User limits are defined in /etc/security/limits.conf
. Rules
target a specific resource, setting the limit for a specific user, a specific
group, by ranges of user and groups IDs, or for all users with a wildcard.
# /etc/security/limits.conf
* soft core 0
* hard nofile 512
@student hard nproc 20
@faculty soft nproc 20
@faculty hard nproc 50
ftp hard nproc 0
@student - maxlogins 4
:123 hard cpu 5000
@500: soft cpu 10000
600:700 hard locks 10
New rules may be added on this file, but preferably add them on your own
*.conf
files under /etc/security/limits.d/
.
Some shells like Bash and ZSH also include a command for getting and setting
these limits for the current user -- ulimit
.
# get all the limits for the current user
$ ulimit -a
# set the limit of maximum open files for the current user
$ ulimit -n 2048
Note that running processes are not affected by this change, since they already have their own limits set.
Daemon processes
These user limits are enforced by a Linux module called pam_limits which might not be properly loaded when the user starts the session. This ignores the limits configuration files and uses only default values.
To fix this, locate the relevant configuration file under /etc/pam.d/
(for
instance, /etc/pam.d/sshd
for SSH sessions) — or add your own —
and require pam_limits.so
at the end of the file.
# /etc/pam.d/common
session required pam_limits.so
This might be required for daemon processes, but it is not required for systemd services.
Per systemd Service
systemd processes are actually a different type of process. Despite the user set as the one running the process, the limits of the service are set in its definition file.
# /etc/systemd/system/something.service
[Unit]
# ...
[Service]
# ...
LimitNOFILE=2048
[Install]
# ...
Remember to reload the systemd daemon and to restart the process for the new limits to apply.
# Reload the systemd daemon
$ sudo systemctl daemon-reload
# Restart changed service
$ sudo systemctl restart something
System limits
Changing system limits is a dangerous operation.
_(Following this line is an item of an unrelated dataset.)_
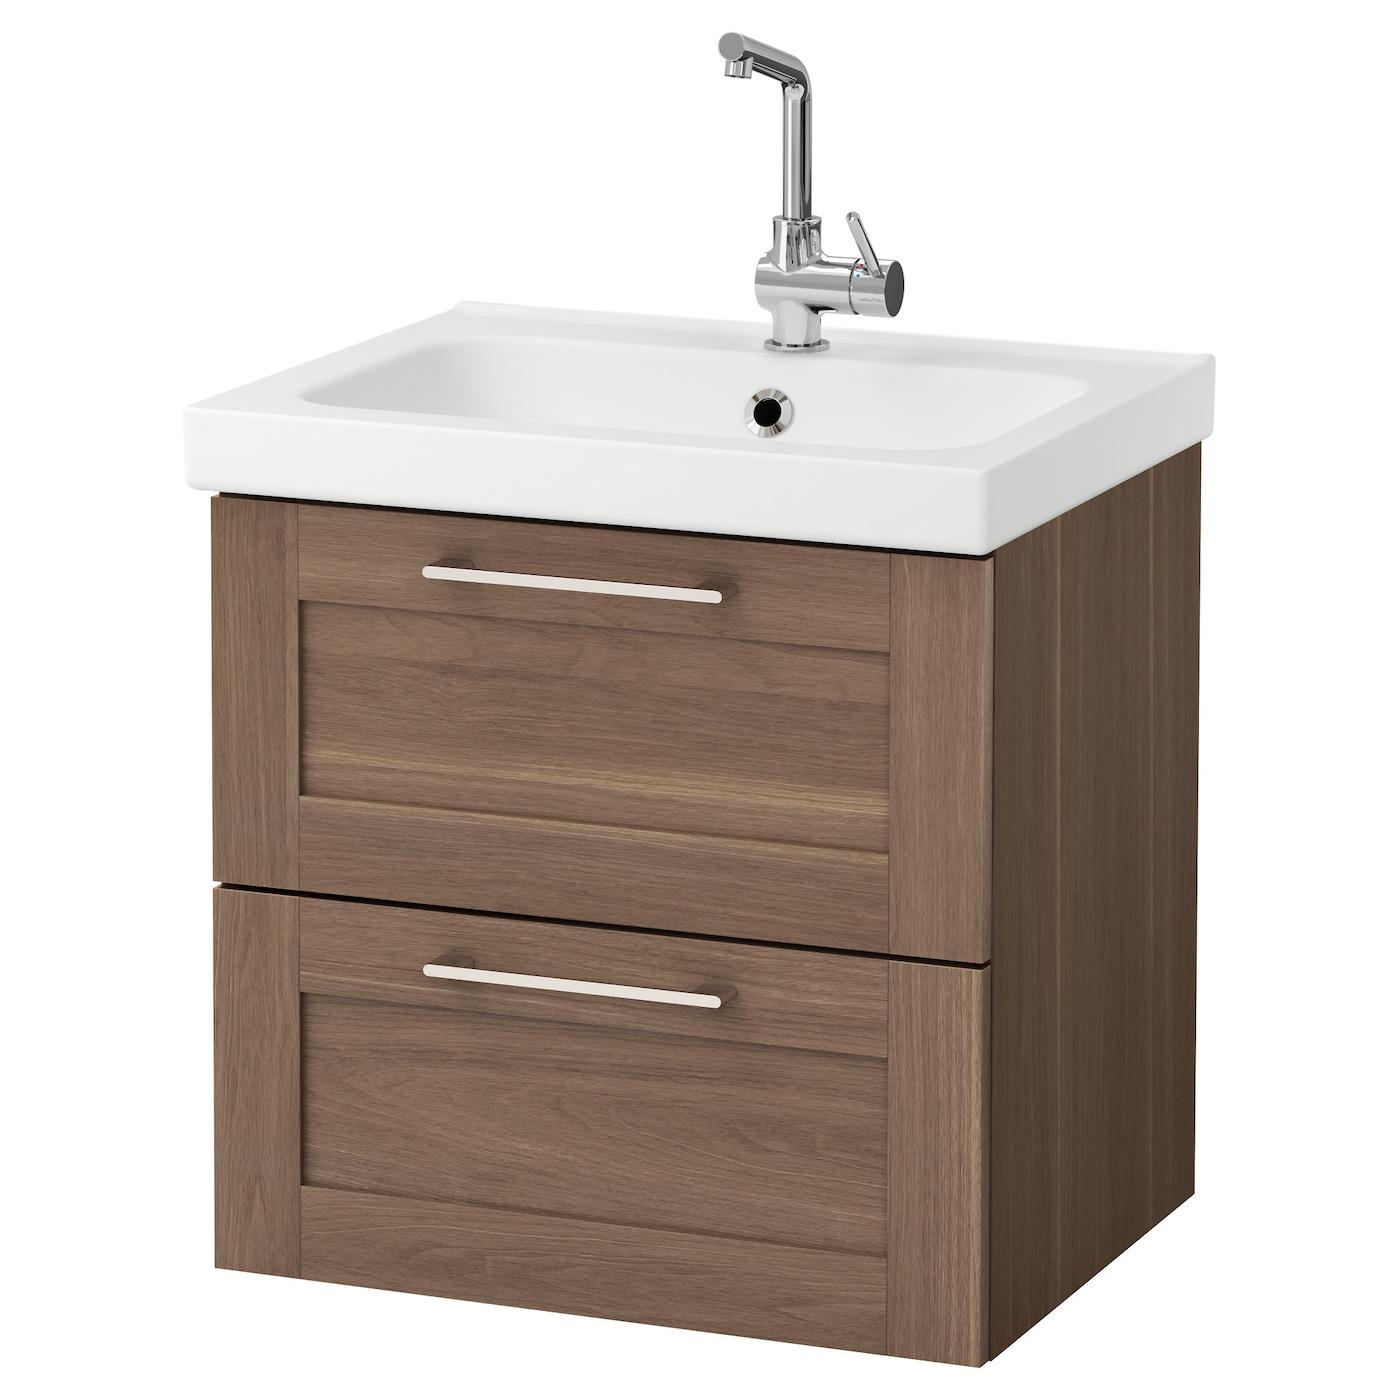 Odensvik godmorgon meuble lavabo 2tir motif noyer 63x49x64 for Lavabo plus meuble

Operating systems have sensible defaults for these limits that were put in place to protect your computer and ensure everything works properly. Do not change these values unless you're absolutely sure you know what you're doing. Use at your own risk.
System resource limits are checked and changed through sysctl
.
# show all currently available values (some require `sudo`)
$ sysctl -a
# set a specific variable's value (some require `sudo`)
$ sysctl -w fs.file-max=2097152
You can also change these limits by changing /etc/sysctl.conf
, or adding your
own *.conf
file to /etc/sysctl.d/
. To affect the current runtime these
files have to be reloaded though.
# load settings from /etc/sysctl.conf
$ sysctl -p
# load settings from /etc/sysctl.d/something.conf
$ sysctl -p/etc/sysctl.d/something.conf
# load settings from all the system configuration files
$ sysctl --system
Caveats
The documentation for sysctl is not clear on the influence of the
-w
flag. Examples setting values through the command use this flag, but the
command does not complain if it is omitted when the variable=value
syntax is
used. In doubt, I recommend mimicking the documentation and using -w
.
When changing the configuration files for sysctl
, bear in mind you might be
changing things set in other modules, or other modules might change the same
variables as you. Usually the namespace of the variable shows the name of the
configuration file setting that variable. Make sure to read the documentation
on sysctl
to understand how to pull this off.
Values for sysctl
often have to respect constraints specific to the variable.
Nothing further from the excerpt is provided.